**REQUIRED WORK:** Return the full listing word for word, but drop every picture from it.

**RECORDED DATA:**
============

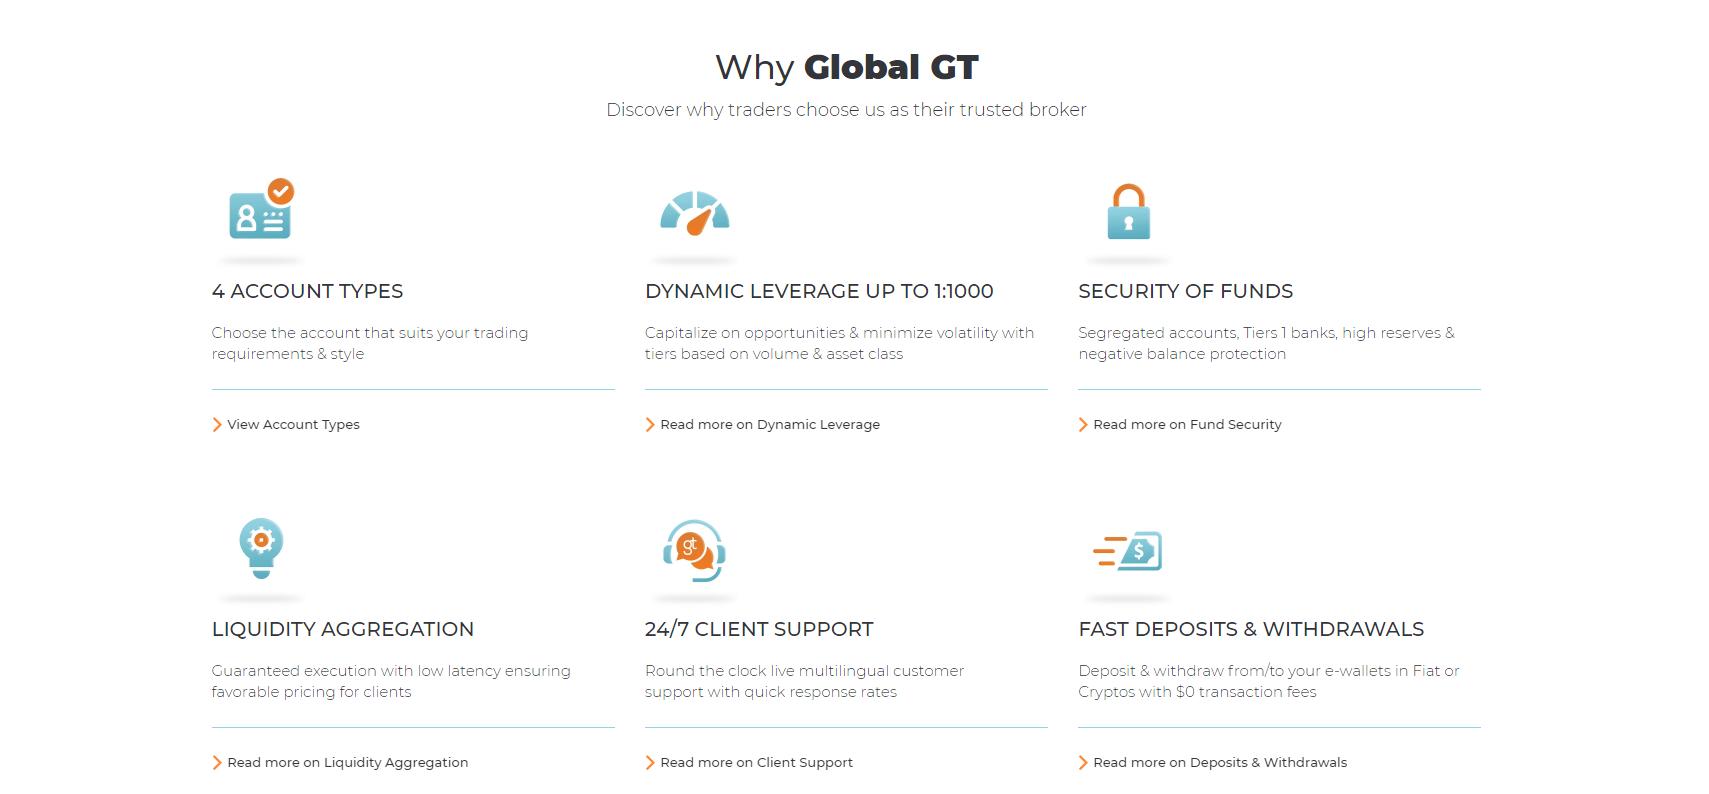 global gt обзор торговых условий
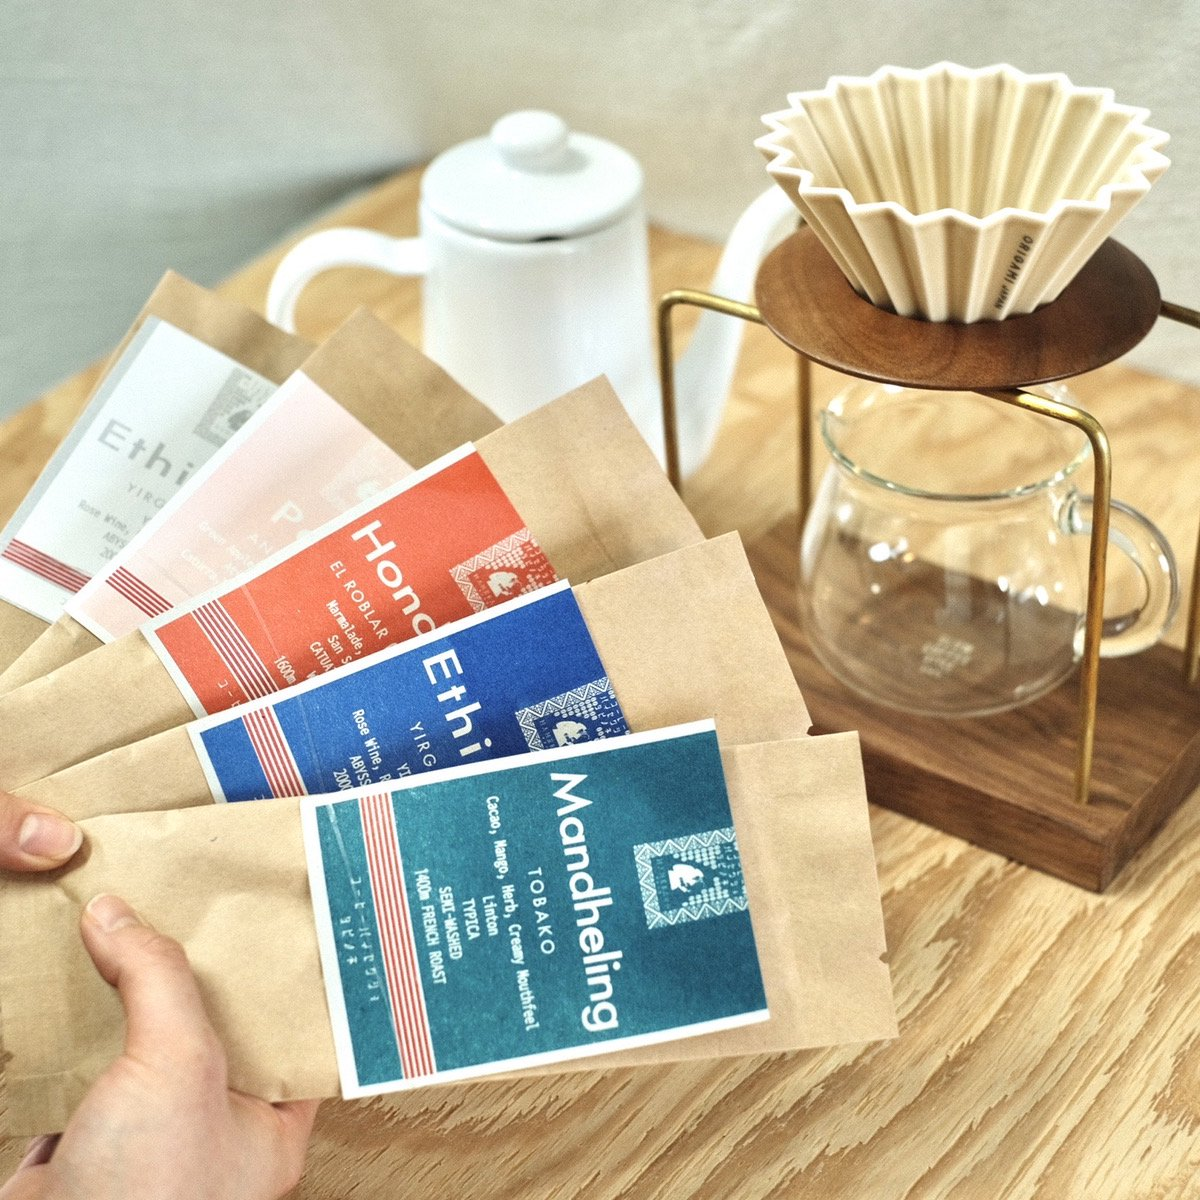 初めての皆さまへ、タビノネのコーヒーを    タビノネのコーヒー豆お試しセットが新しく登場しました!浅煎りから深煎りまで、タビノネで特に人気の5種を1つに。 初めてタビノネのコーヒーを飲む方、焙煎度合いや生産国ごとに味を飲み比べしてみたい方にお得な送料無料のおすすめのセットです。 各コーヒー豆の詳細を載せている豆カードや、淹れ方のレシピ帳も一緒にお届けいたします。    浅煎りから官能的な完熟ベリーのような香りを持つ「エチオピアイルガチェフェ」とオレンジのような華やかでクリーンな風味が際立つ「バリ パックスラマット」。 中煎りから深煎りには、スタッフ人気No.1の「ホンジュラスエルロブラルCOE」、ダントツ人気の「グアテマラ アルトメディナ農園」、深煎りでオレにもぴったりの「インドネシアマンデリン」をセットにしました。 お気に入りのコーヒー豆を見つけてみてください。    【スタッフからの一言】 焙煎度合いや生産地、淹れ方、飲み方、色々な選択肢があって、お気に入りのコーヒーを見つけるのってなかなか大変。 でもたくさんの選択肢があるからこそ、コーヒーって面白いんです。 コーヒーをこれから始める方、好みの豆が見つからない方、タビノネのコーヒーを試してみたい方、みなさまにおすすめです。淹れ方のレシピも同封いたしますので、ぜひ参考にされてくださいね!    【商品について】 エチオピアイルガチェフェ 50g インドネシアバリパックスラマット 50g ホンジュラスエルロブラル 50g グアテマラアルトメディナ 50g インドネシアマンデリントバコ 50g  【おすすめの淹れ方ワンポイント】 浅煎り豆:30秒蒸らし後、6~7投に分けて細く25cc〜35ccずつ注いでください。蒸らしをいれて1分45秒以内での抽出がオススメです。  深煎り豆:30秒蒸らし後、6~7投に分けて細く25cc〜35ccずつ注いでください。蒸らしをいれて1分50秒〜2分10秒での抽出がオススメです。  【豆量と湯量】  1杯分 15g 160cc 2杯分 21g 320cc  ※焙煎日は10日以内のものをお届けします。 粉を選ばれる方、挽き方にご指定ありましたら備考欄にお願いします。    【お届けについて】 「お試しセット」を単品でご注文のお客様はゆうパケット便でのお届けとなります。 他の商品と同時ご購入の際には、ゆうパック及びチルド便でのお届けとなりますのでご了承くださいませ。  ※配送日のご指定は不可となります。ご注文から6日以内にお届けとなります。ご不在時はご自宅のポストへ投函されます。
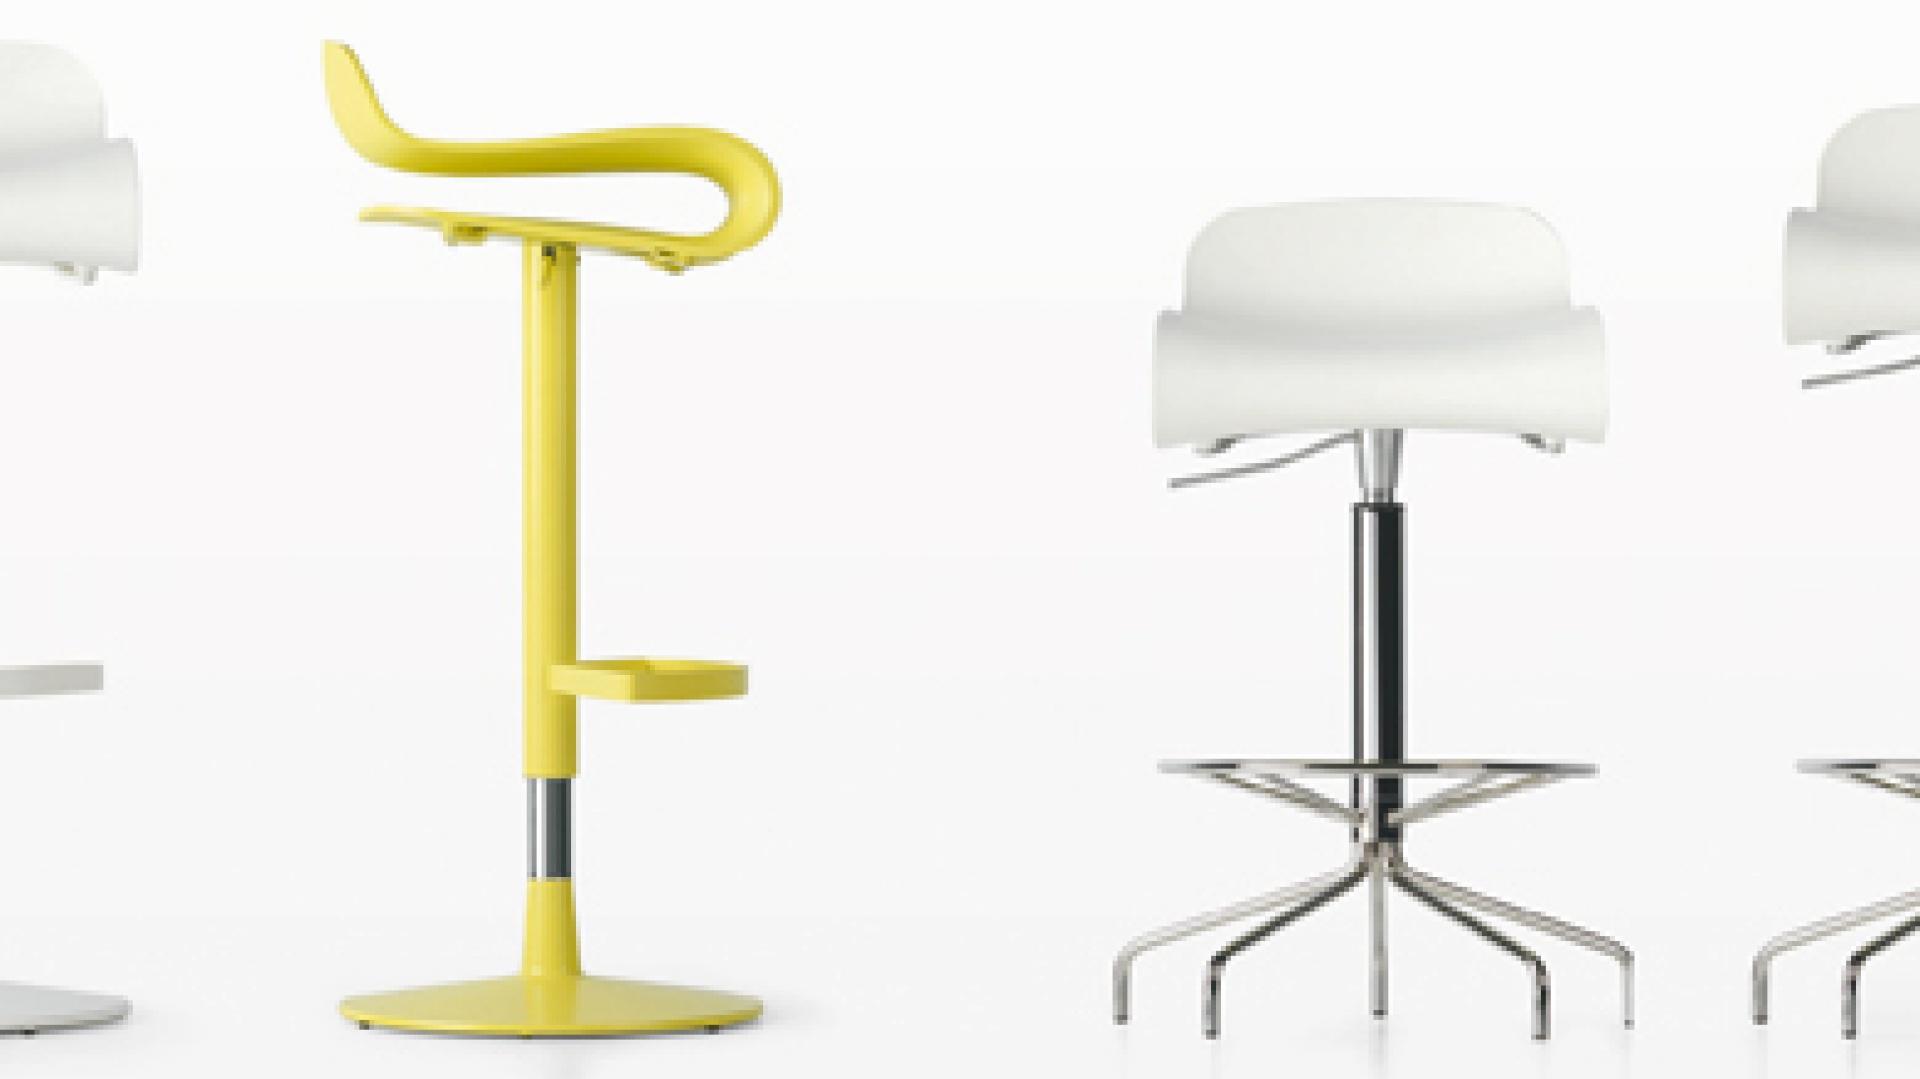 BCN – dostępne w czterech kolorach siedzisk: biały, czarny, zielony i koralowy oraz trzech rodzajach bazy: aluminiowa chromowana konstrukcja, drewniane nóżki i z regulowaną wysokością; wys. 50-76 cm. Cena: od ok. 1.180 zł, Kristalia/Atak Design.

============

**TASK ANSWER:**
 global gt обзор торговых условий
 初めての皆さまへ、タビノネのコーヒーを    タビノネのコーヒー豆お試しセットが新しく登場しました!浅煎りから深煎りまで、タビノネで特に人気の5種を1つに。 初めてタビノネのコーヒーを飲む方、焙煎度合いや生産国ごとに味を飲み比べしてみたい方にお得な送料無料のおすすめのセットです。 各コーヒー豆の詳細を載せている豆カードや、淹れ方のレシピ帳も一緒にお届けいたします。    浅煎りから官能的な完熟ベリーのような香りを持つ「エチオピアイルガチェフェ」とオレンジのような華やかでクリーンな風味が際立つ「バリ パックスラマット」。 中煎りから深煎りには、スタッフ人気No.1の「ホンジュラスエルロブラルCOE」、ダントツ人気の「グアテマラ アルトメディナ農園」、深煎りでオレにもぴったりの「インドネシアマンデリン」をセットにしました。 お気に入りのコーヒー豆を見つけてみてください。    【スタッフからの一言】 焙煎度合いや生産地、淹れ方、飲み方、色々な選択肢があって、お気に入りのコーヒーを見つけるのってなかなか大変。 でもたくさんの選択肢があるからこそ、コーヒーって面白いんです。 コーヒーをこれから始める方、好みの豆が見つからない方、タビノネのコーヒーを試してみたい方、みなさまにおすすめです。淹れ方のレシピも同封いたしますので、ぜひ参考にされてくださいね!    【商品について】 エチオピアイルガチェフェ 50g インドネシアバリパックスラマット 50g ホンジュラスエルロブラル 50g グアテマラアルトメディナ 50g インドネシアマンデリントバコ 50g  【おすすめの淹れ方ワンポイント】 浅煎り豆:30秒蒸らし後、6~7投に分けて細く25cc〜35ccずつ注いでください。蒸らしをいれて1分45秒以内での抽出がオススメです。  深煎り豆:30秒蒸らし後、6~7投に分けて細く25cc〜35ccずつ注いでください。蒸らしをいれて1分50秒〜2分10秒での抽出がオススメです。  【豆量と湯量】  1杯分 15g 160cc 2杯分 21g 320cc  ※焙煎日は10日以内のものをお届けします。 粉を選ばれる方、挽き方にご指定ありましたら備考欄にお願いします。    【お届けについて】 「お試しセット」を単品でご注文のお客様はゆうパケット便でのお届けとなります。 他の商品と同時ご購入の際には、ゆうパック及びチルド便でのお届けとなりますのでご了承くださいませ。  ※配送日のご指定は不可となります。ご注文から6日以内にお届けとなります。ご不在時はご自宅のポストへ投函されます。
 BCN – dostępne w czterech kolorach siedzisk: biały, czarny, zielony i koralowy oraz trzech rodzajach bazy: aluminiowa chromowana konstrukcja, drewniane nóżki i z regulowaną wysokością; wys. 50-76 cm. Cena: od ok. 1.180 zł, Kristalia/Atak Design.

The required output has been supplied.